Michigan’s offensive line created consistent push, and the backs were good enough to make hay. Michigan was able to run the ball against the strength of MSU’s defense, the defensive line interior, well enough. More yards were to be had (and taken) on the edge, but running back Blake Corum’s second touchdown shows what Michigan did on the interior.
Michigan peels a tight end through the hole to seal an edge, and Michigan left guard No. 77, Trevor Keegan, absolutely mashes. By the time the linebackers can react, they are dealing with releasing Michigan blockers, and Corum is into the end zone.
Corum was delivered to the second level untouched on most runs, and when you factor in his ability to fall forward and break through contact seemingly every time...it seems a lot like the 5.0 yards per carry that Michigan averaged. So it goes.
Last year, Michigan got 146 rushing yards on 4.3 yards a carry against MSU. While that qualified as struggling for Michigan’s ground game in 2021, MSU’s win in that game obscured the fact that there were still yards to be had on the ground against MSU last year, and created unrealistic expectations about what MSU could be expected to do against Michigan’s rushing attack. In 2021, Michigan’s run game was limited, but “success” was not totally nerfing the Wolverines’ run game, it was forcing them into high-leverage third-and-long situations. Michigan still ran on over half of its first downs last year, and getting almost 150 yards of rushing is more than completely shutting a team down. This year, the dam broke a bit more, though not as much as many Michigan fans expected.
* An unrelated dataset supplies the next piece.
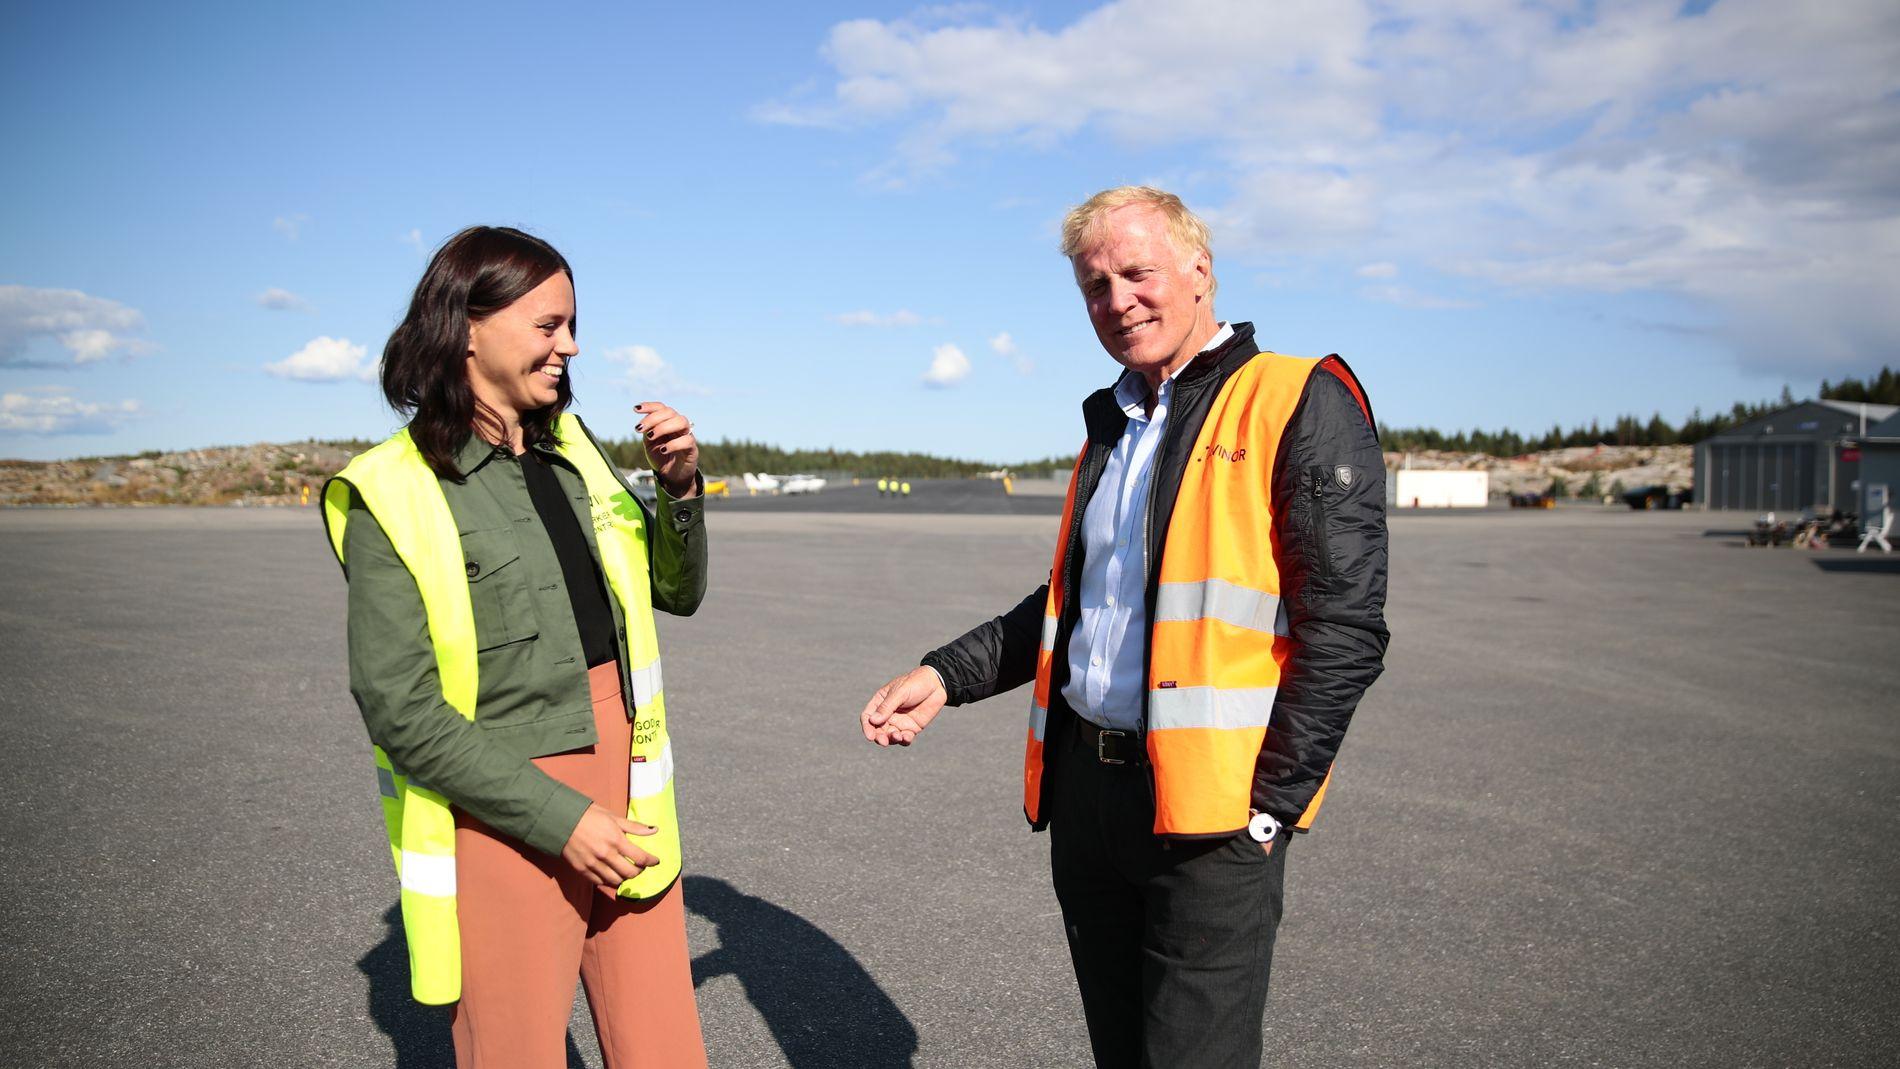 OM BORD: Statssekretær Aase Marthe J. Horrigmo var passasjer da Avinors konsernsjef Dag Falk-Petersen måtte nødlandet flyet de to satt i onsdag ettermiddag.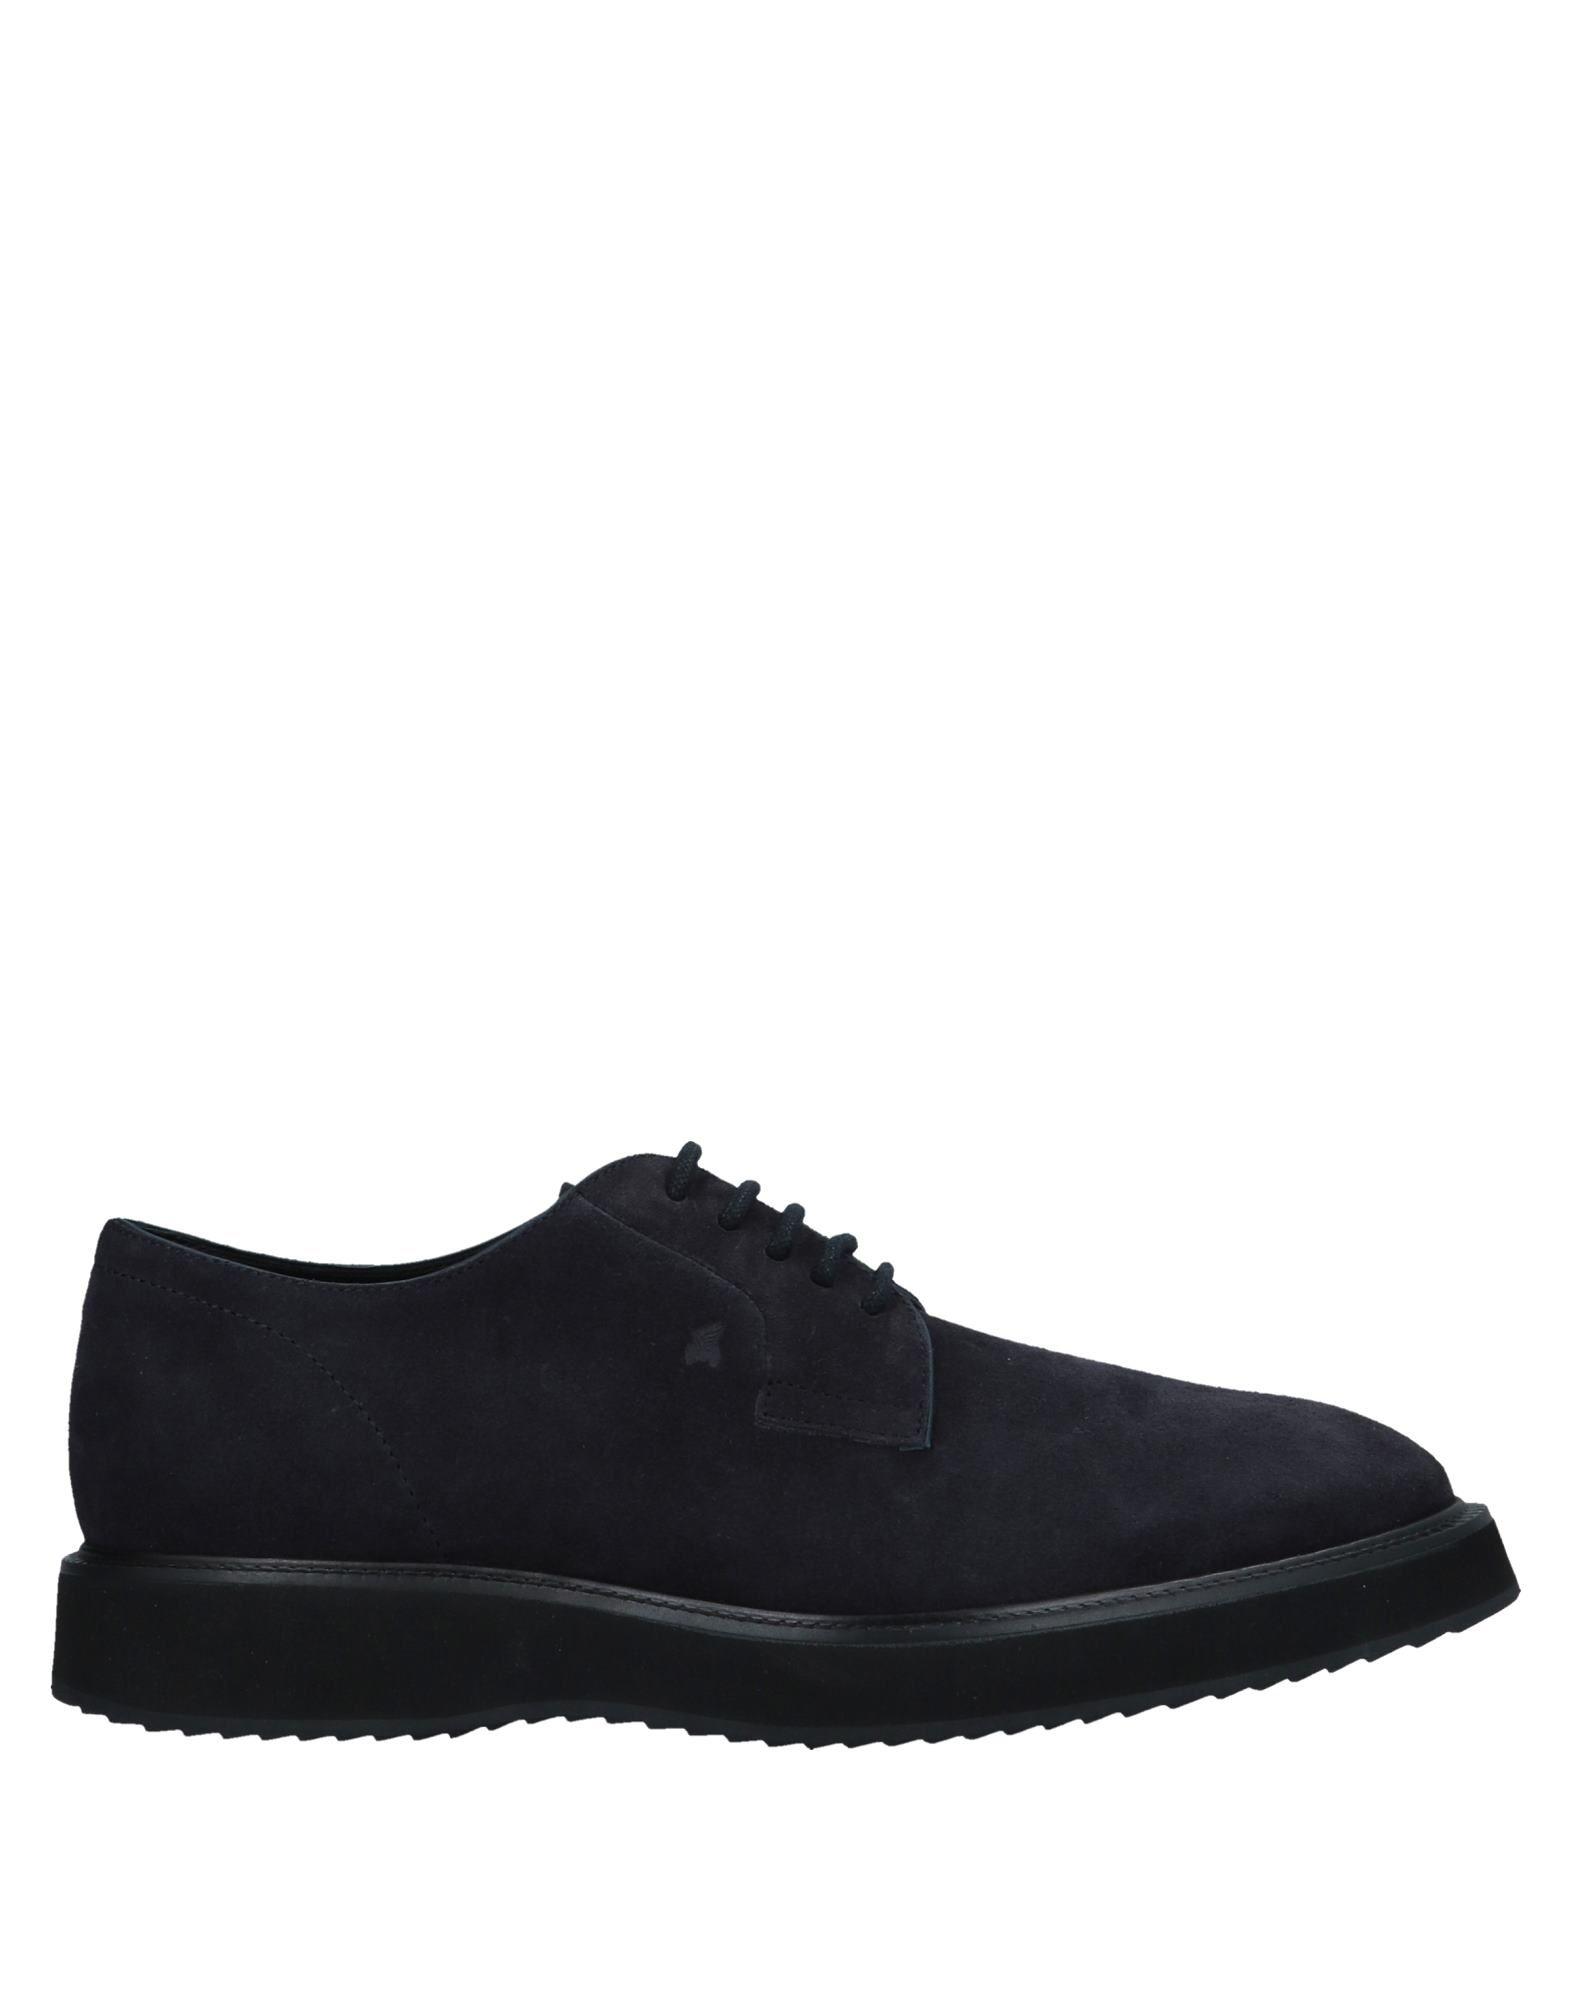 Hogan Schnürschuhe Herren  11543446PU Gute Qualität beliebte Schuhe

Lastly, I wanted to discuss the fourth-down stop (you know the one).
I was going to draw out an elaborate diagram showing what exactly went wrong, but its much more “meta” than simply bad assignment football (which, to be clear, it was). You simply cannot come out of a timeout and not have half of the offensive line not know the snap count.
Coleman absolutely whiffs on a linebacker at the top of the formation, and Tyler Hunt (No. 97) toward the bottom of the formation, gets his face crossed as bad as you will ever see. These two defenders meet at Jalen Berger (No. 8) in the backfield, where they are joined by the defender that Maliq Carr (No. 6) at the bottom of the formation, allows through. Lovely.